Cancer Prevention Fellowship Program, Implementation Science Team, Division of Cancer Control and Population Sciences, National Cancer Institute, Rockville, Maryland, USA.
Behavioral and Policy Sciences Department, RAND Corporation, Boston, Massachusetts, USA.
CA Cancer J Clin. 2023 Sep-Oct;73(5):461-479. doi: 10.3322/caac.21801. Epub 2023 Jun 17.

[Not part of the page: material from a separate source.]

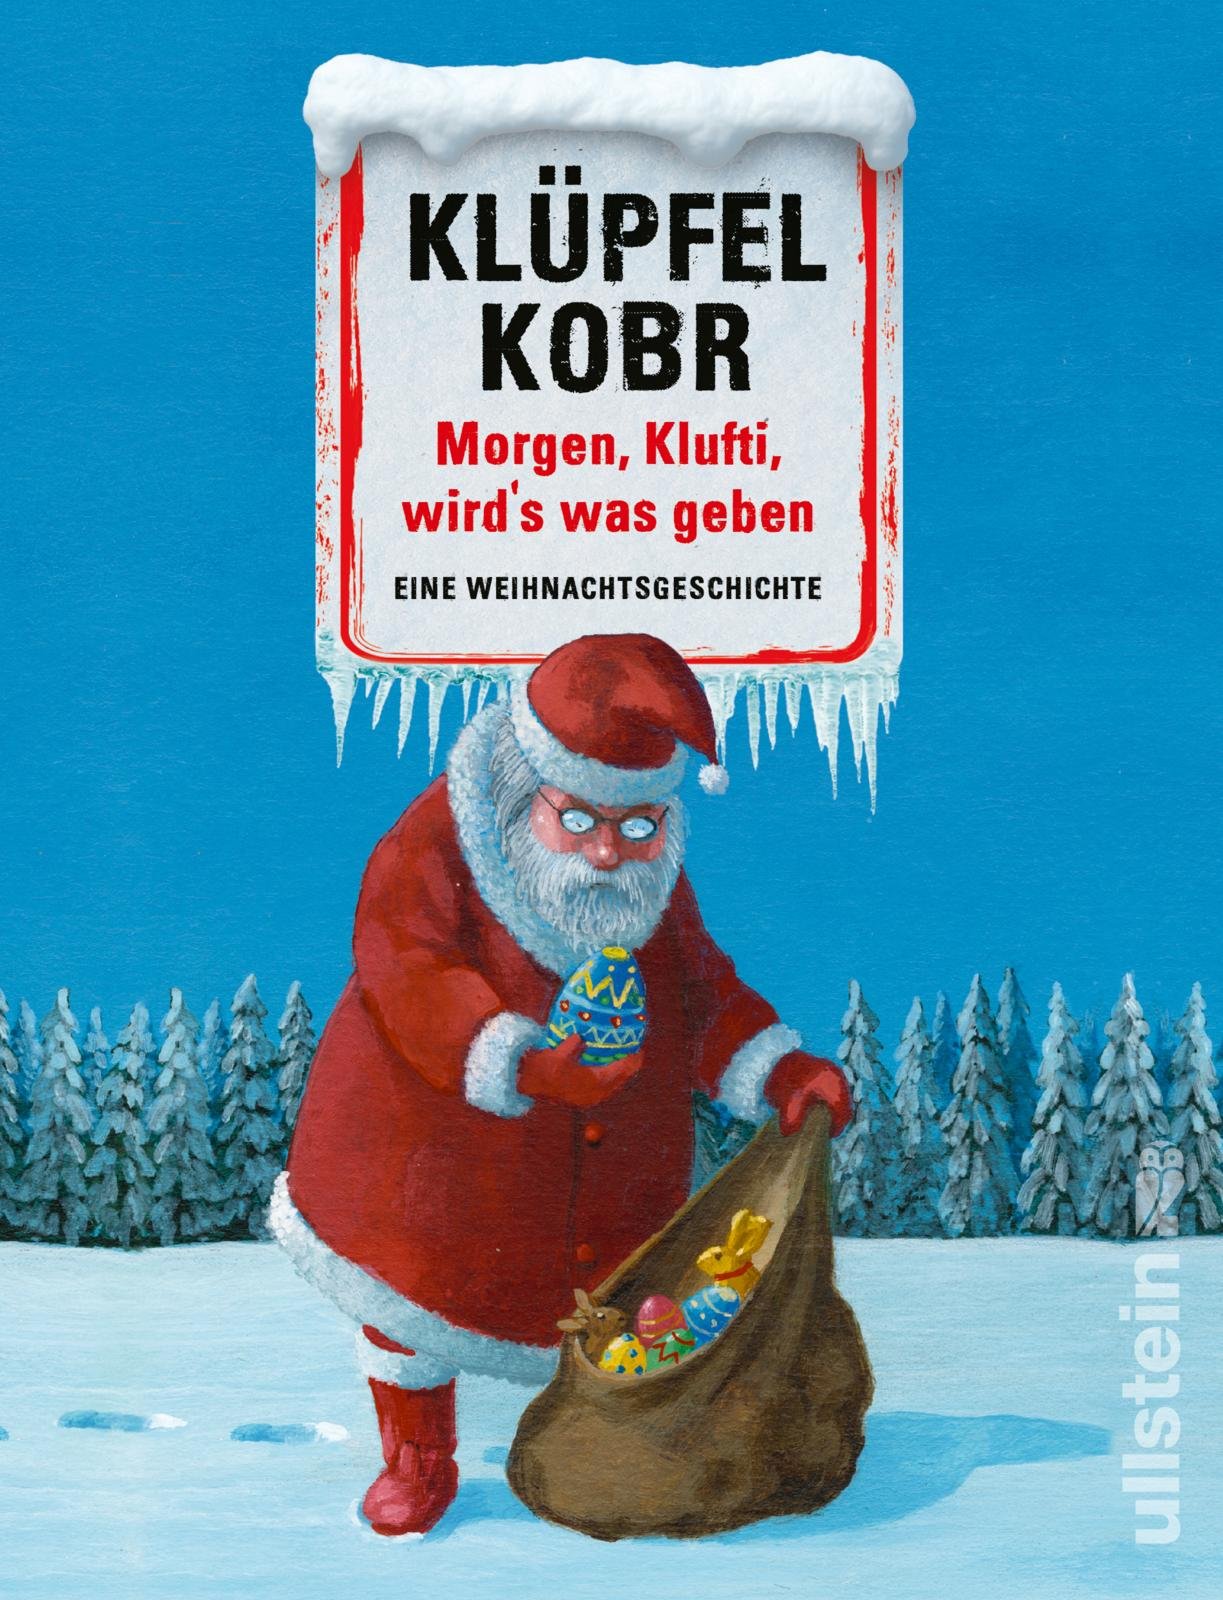 Klüpfel Kobr Morgen Klufti Weihnachtsgeschichte.jpg

There remains a need to synthesize linkages between social determinants of health (SDOH) and cancer screening to reduce persistent inequities contributing to the US cancer burden. The authors conducted a systematic review of US-based breast, cervical, colorectal, and lung cancer screening intervention studies to summarize how SDOH have been considered in interventions and relationships between SDOH and screening. Five databases were searched for peer-reviewed research articles published in English between 2010 and 2021. The Covidence software platform was used to screen articles and extract data using a standardized template. Data items included study and intervention characteristics, SDOH intervention components and measures, and screening outcomes. The findings were summarized using descriptive statistics and narratives. The review included 144 studies among diverse population groups. SDOH interventions increased screening rates overall by a median of 8.4 percentage points (interquartile interval, 1.8-18.8 percentage points). The objective of most interventions was to increase community demand (90.3%) and access (84.0%) to screening. SDOH interventions related to health care access and quality were most prevalent (227 unique intervention components). Other SDOH, including educational, social/community, environmental, and economic factors, were less common (90, 52, 21, and zero intervention components, respectively). Studies that included analyses of health policy, access to care, and lower costs yielded the largest proportions of favorable associations with screening outcomes. SDOH were predominantly measured at the individual level. This review describes how SDOH have been considered in the design and evaluation of cancer screening interventions and effect sizes for SDOH interventions. Findings may guide future intervention and implementation research aiming to reduce US screening inequities.
仍然需要综合考虑健康的社会决定因素(SDOH)与癌症筛查之间的联系,以减少导致美国癌症负担的持续不平等因素。作者对美国基于乳腺癌、宫颈癌、结直肠癌和肺癌筛查的干预研究进行了系统回顾,以总结社会决定因素在干预措施中的考虑以及社会决定因素与筛查之间的关系。在英语发表的 2010 年至 2021 年期间,从五个数据库中搜索了同行评议的研究文章。使用 Covidence 软件平台筛选文章并使用标准化模板提取数据。数据项包括研究和干预特征、SDOH 干预组成部分和措施以及筛查结果。使用描述性统计和叙述总结发现。该综述包括来自不同人群的 144 项研究。SDOH 干预措施总体上使筛查率提高了中位数 8.4 个百分点(四分位距,1.8-18.8 个百分点)。大多数干预措施的目的是增加社区对筛查的需求(90.3%)和获取(84.0%)。与医疗保健获取和质量相关的 SDOH 干预措施最为普遍(227 个独特的干预组成部分)。其他 SDOH,包括教育、社会/社区、环境和经济因素,相对较少(分别为 90、52、21 和 0 个干预组成部分)。包括对卫生政策、获取医疗服务和降低成本进行分析的研究,与筛查结果的关联比例最大。SDOH 主要在个体层面进行测量。本综述描述了社会决定因素在癌症筛查干预措施的设计和评估中是如何被考虑的,以及社会决定因素干预措施的效果大小。研究结果可能为旨在减少美国筛查不平等的未来干预和实施研究提供指导。